Likewise according to the MENA survey, pregnancy and early marriage are the main factors which cause girls to drop out of school. Burkina Faso is among the 10 African countries most affected by child marriage. The law allows a girl to marry at 17, whereas the minimum legal age for men is 20. 10% of women marry before the age of 15 and 52% before age 18.

Studies show that this practice is not declining. Its persistence seems to be linked to strong social acceptance: 44% of the population think it acceptable for a girl to marry before age 18. The national strategy for the prevention and elimination of child marriage (2016-2025) will provide a real opportunity to reduce the extent of the phenomenon if the measures are applied.

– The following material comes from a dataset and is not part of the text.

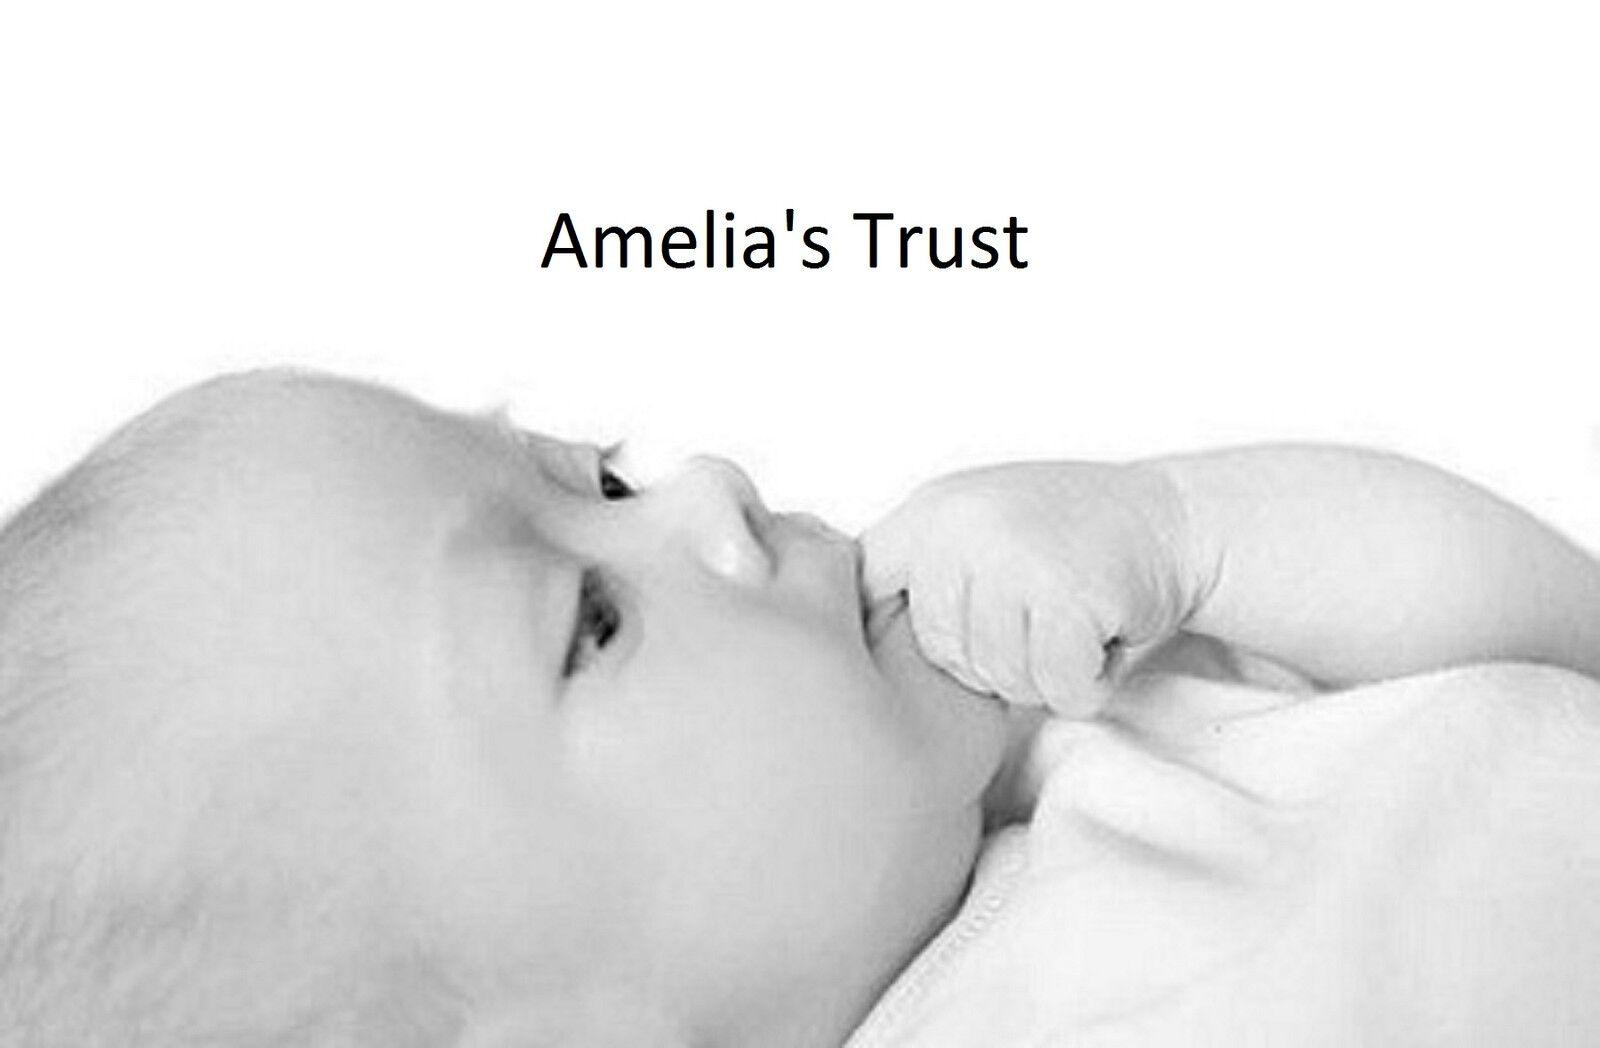 Amelia's Trust
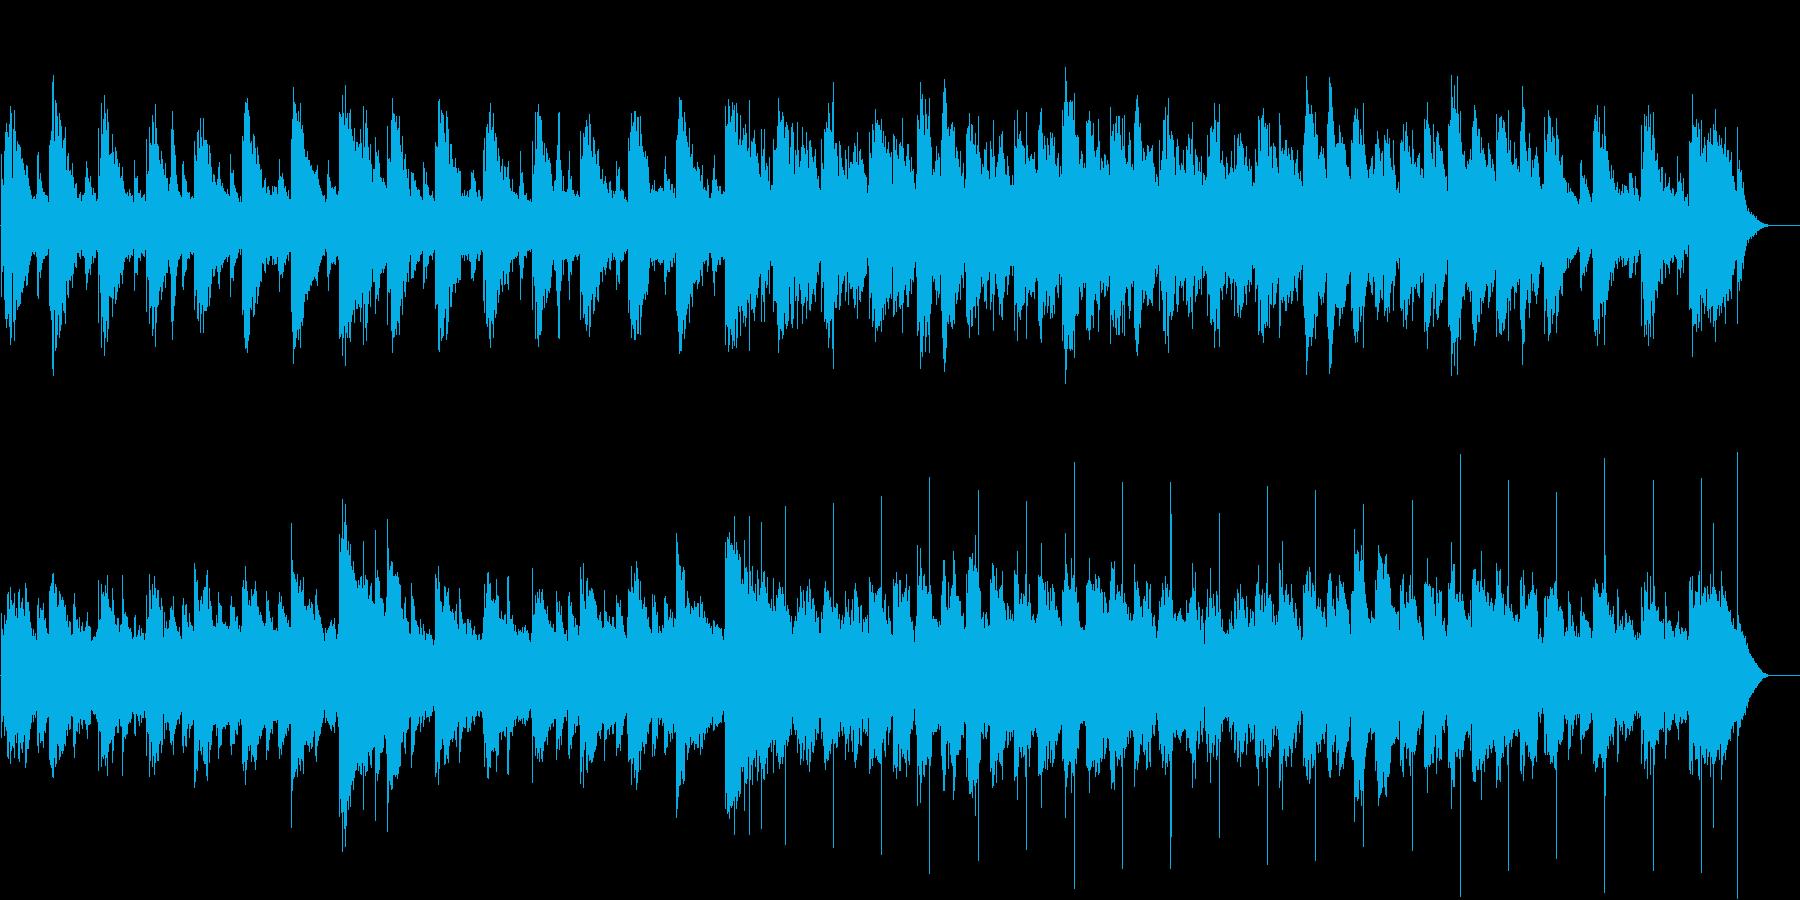 広がりのある幻想的なBGMの再生済みの波形

In the case of girls with disabilities, according to DPOs:

The problem is not early marriage but rather late marriage, because they have to be found a husband, and that is more difficult for women with disabilities than for men with disabilities. Except in Kaya, where blind men cannot marry. It is enough for a man with disabilities to have the financial capacities to meet his family’s needs: in that case he will stand a chance of finding a wife. By contrast, women with disabilities are shunned by men, simply because they do not think that such women can make good wives.

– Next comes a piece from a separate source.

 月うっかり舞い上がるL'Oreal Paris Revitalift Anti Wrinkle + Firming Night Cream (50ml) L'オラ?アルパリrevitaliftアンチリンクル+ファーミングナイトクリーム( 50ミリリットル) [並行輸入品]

As a rule, girls with disabilities are married to men with the same type of disability, but it is not easy to find one. If it proves impossible, such girls are condemned to stay with their parents and be a burden to them. They are more likely to be withdrawn from school to help at home, because their families do not believe in their capabilities. That is why it is important for them to continue their studies, because then if they do not find husbands, at least they will be able to become independent by working.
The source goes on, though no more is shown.